Awards Night
John Marshall Dining Room,
Memorial Student Center
Marshall University
Huntington, WV 25702
Details
The Awards Night festivities begin on Thursday, May 1st with a dinner at 6:00 p.m. in the John Marshall Dining Room of the Memorial Student Center. The menu choices are Maple Bourbon Pork Loin, Chicken Marsala, or Tortellini with Alfredo Pesto. All will be served with a house salad, whipped potatoes, vegetable medley, and dessert. The cost of the dinner will be $20 per person (payable by check to COVACS only). If you will be attending, please RSVP to Lester8@marshall.edu including your meal choice(s), and put “Chemistry Awards Night” in the subject line.

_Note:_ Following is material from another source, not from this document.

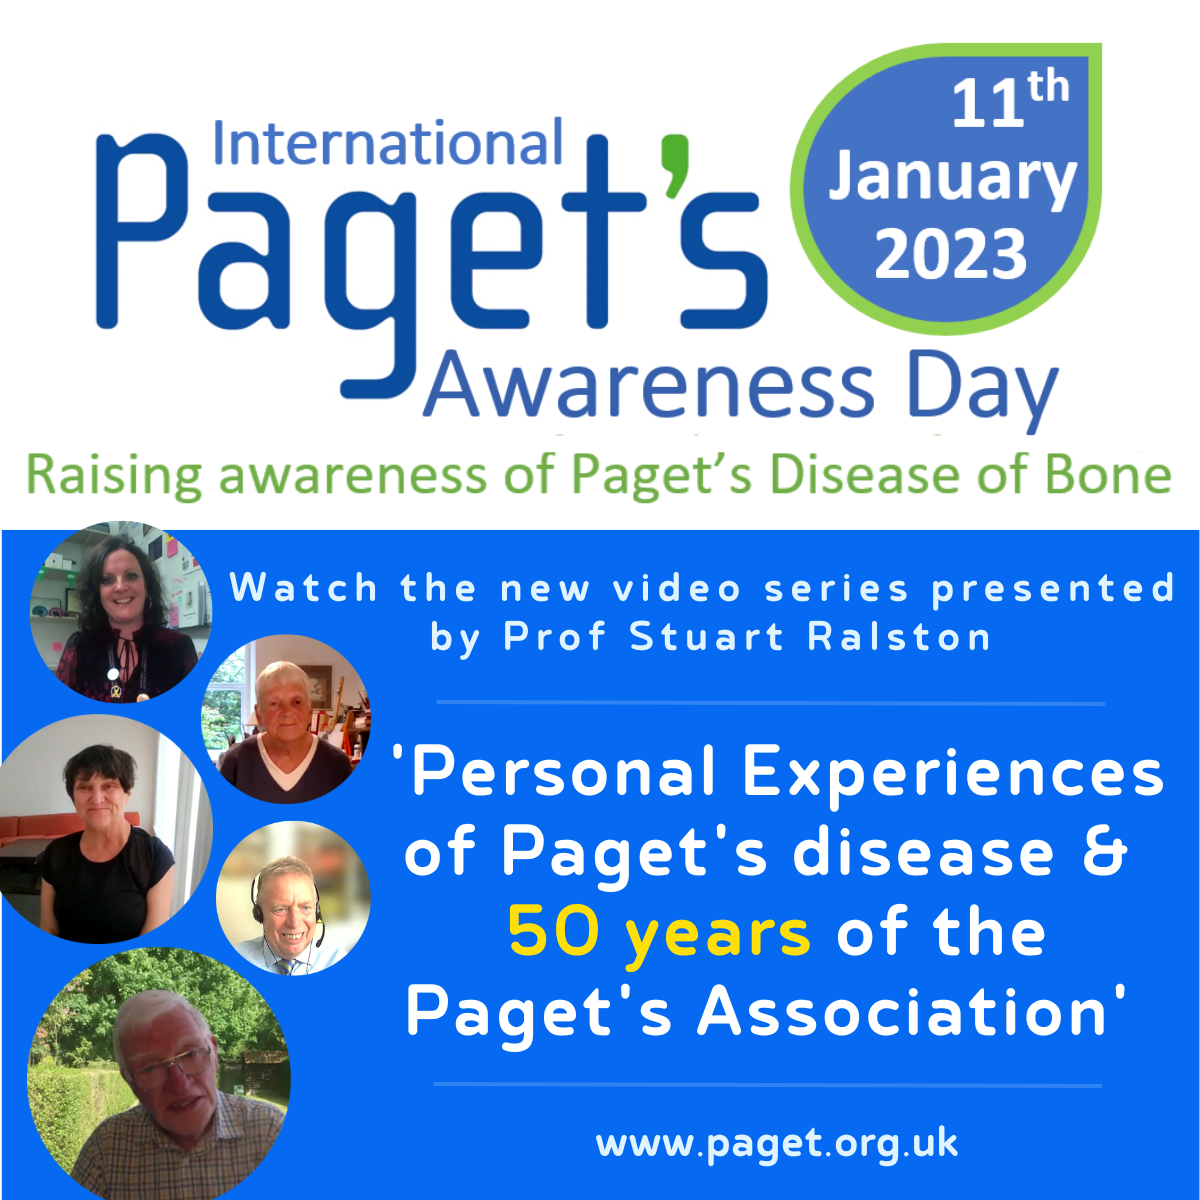 International Pagets Awareness Day 2023

Following dinner, the Awards Ceremony will begin at 7:00 p.m. in the Shawkey Dining Room of the Memorial Student Center. The evening will conclude with a presentation by Dr. Michael L. Norton from the Marshall University Department of Chemistry entitled “Life and Times: Beware the Paradigm”.
Abstract
We are all bounded by our small swath of time and must use it wisely. Through a series of research vignettes, I will highlight several ways in which students, staff and fellow faculty have contributed to creating a productive and collaborative community throughout my career at Marshall University, making it a great choice for me. Fortunately for all of us, the changes in science in the past 50 years have been quite breathtaking, with the pace of breakthroughs accelerating. I will present a personal perspective on a few of these changes, with particular emphasis on cases in which progress was stunted, in some cases for many years, by what “we” thought we knew or the “current paradigm.” Fortunately, either through brilliance or serendipity, these barriers of unrecognized ignorance have been breached. In contemplating the next 100 or even 1000 years, we are left to consider that many of our current “knowns” are indeed not knowns at all. Through a review of a few cases of paradigm shifts, I challenge the listener to perform what is nearly impossible: logically uncovering inconsistencies in our current set of scientific knowns.